Below's Why the Gold and Silver Futures Sector Is sort of a Rigged Casino...

A respectable amount of Americans hold investments in silver and gold in one form and other. Some hold physical bullion, and some opt for indirect ownership via ETFs or another instruments. A very small minority speculate through the futures markets. But we frequently directory the futures markets – why exactly is always that?
Because that is where cost is set. The mint certificates, the ETFs, and also the coins in an investor's safe – them all – are valued, a minimum of in large part, using the most recent trade within the nearest delivery month with a futures exchange like the COMEX. These “spot” cost is the ones scrolling over the bottom of your respective CNBC screen.

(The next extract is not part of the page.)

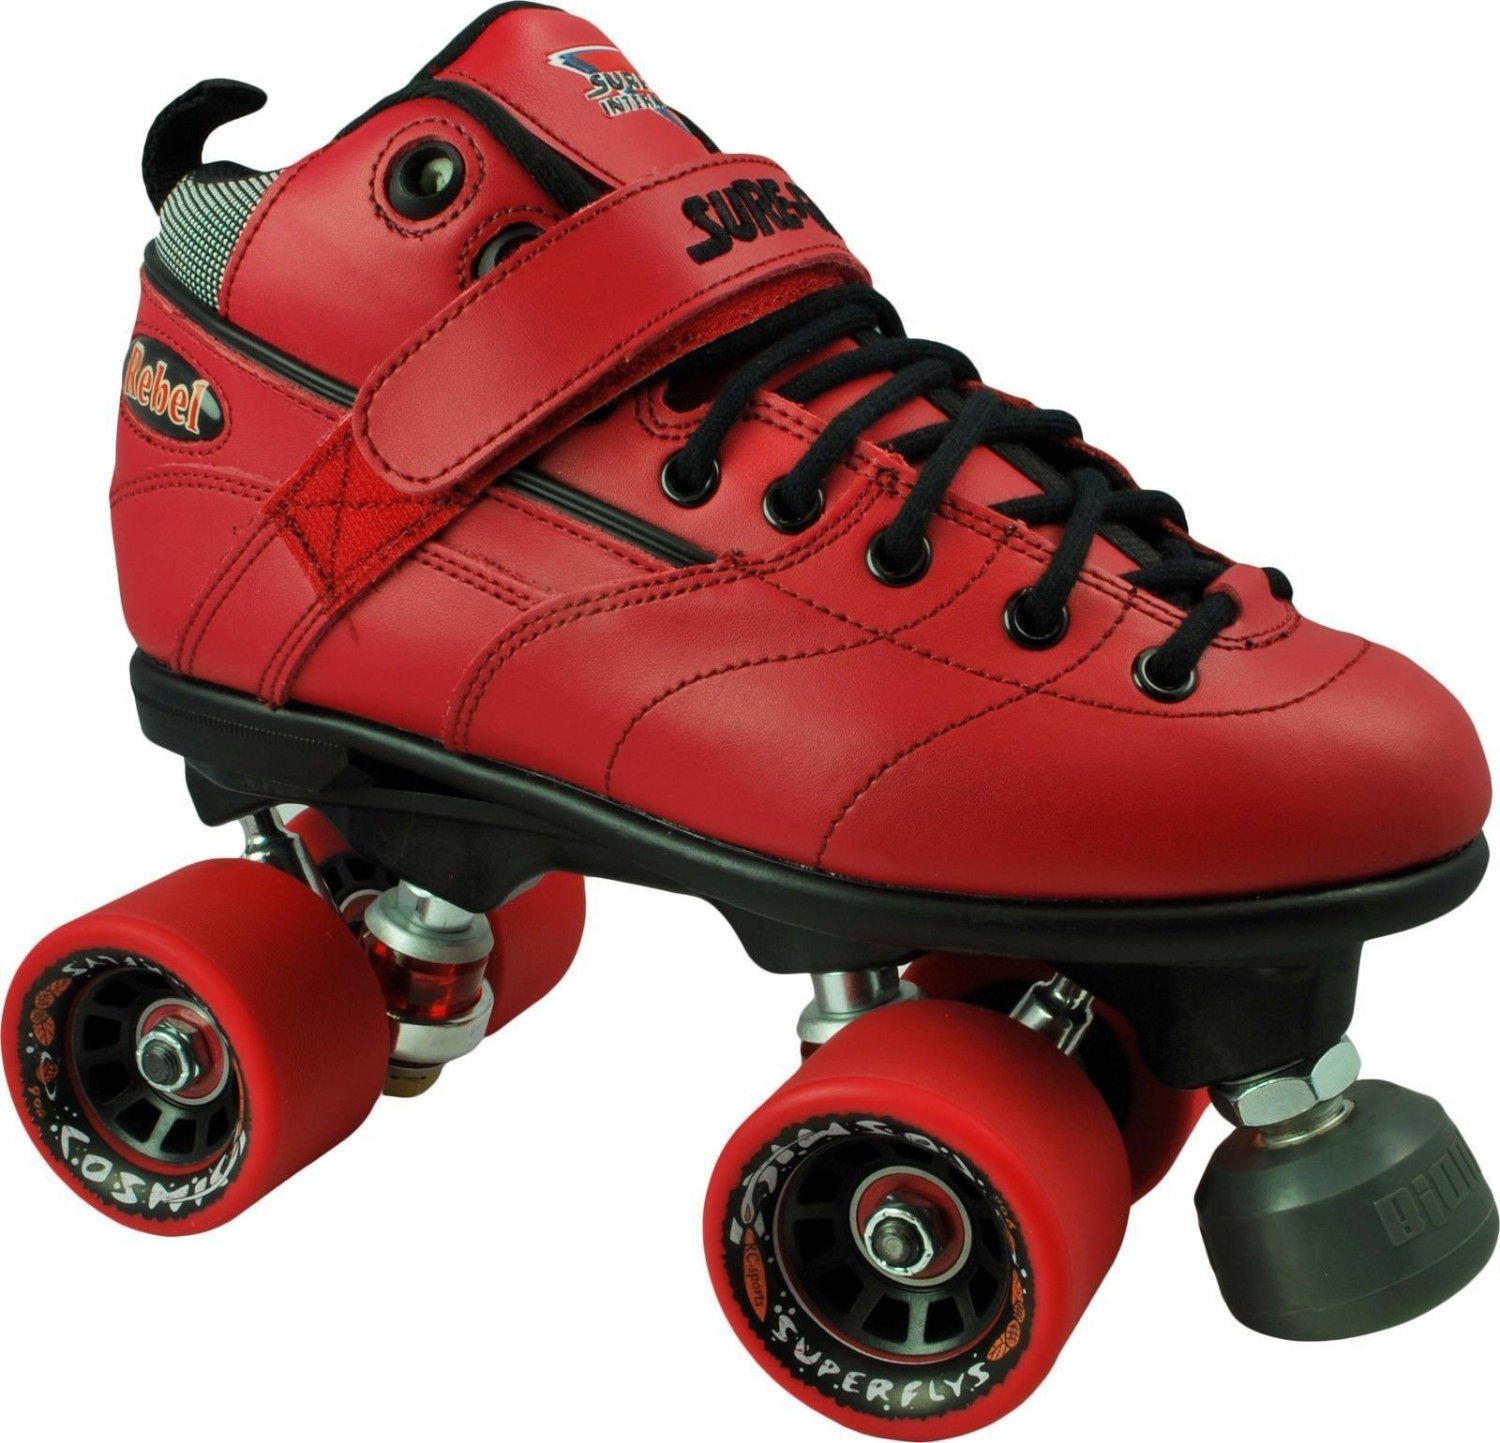 Sure Grip Rebel Eagle Cosmic Superfly derby roller skates NEW! All sizes

That helps make the futures markets a tiny tail wagging a lot larger dog.
Too bad. A more corruptible and lopsided mechanism for price discovery has never been devised. The price reported on TV has less about physical supply and demand fundamentals and more to do with lining the pockets with the bullion banks, including JPMorgan Chase.
Craig Hemke of TFMetalsReport.com explained in a very recent post how a bullion banks fleece futures traders. He contrasted buying a futures contract with something more investors may well be more familiar with – buying a stock. The quantity of shares is bound. When a trader buys shares in Coca-Cola company, they will be paired with another investor who owns actual shares and desires to sell at the prevailing price. That's easy price discovery.
Not so in a very futures market such as the COMEX. If a trader buys contracts for gold, they don't be paired with anyone delivering the particular gold. They are combined with someone who desires to sell contracts, regardless of whether he has any physical gold. These paper contracts are tethered to physical gold in the bullion bank's vault by the thinnest of threads. Recently the policy ratio – the quantity of ounces represented in writing contracts relative to the specific stock of registered gold bars – rose above 500 to a single.

The party selling that paper might be another trader by having an existing contract. Or, as has been happening really late, it could possibly be the bullion bank itself. They might just print up a brand new contract for you. Yes, they can actually do that! And as many because they like. All without placing a single additional ounce of actual metal aside to supply.
Gold and silver are believed precious metals as they are scarce and beautiful. But those features are barely a factor in setting the COMEX “spot” price. In that market, and other futures exchanges, derivatives are traded instead. They neither glisten nor shine as well as their supply is virtually unlimited. Quite simply, this is a problem.
But it gets worse. As said above, in the event you bet around the price of gold by either selling or buying a check here futures contract, the bookie might just be a bullion banker. He's now betting against you with the institutional advantage; he completely controls the supply of one's contract.
It's remarkable a lot of traders are still willing to gamble despite all from the recent evidence that this fix is. Open desire for silver futures just hit a brand new all-time record, and gold just isn't far behind. This despite a barrage of news about bankers rigging markets and cheating clients.
Someday we'll have an overabundance honest price discovery in metals. It will happen when we figure out the game and either abandon the rigged casino altogether or require limited and reasonable coverage ratios. The new Shanghai Gold Exchange which deals in the physical metal itself may be a step in that direction. In the meantime, stick to physical bullion and understand “spot” prices for which they are.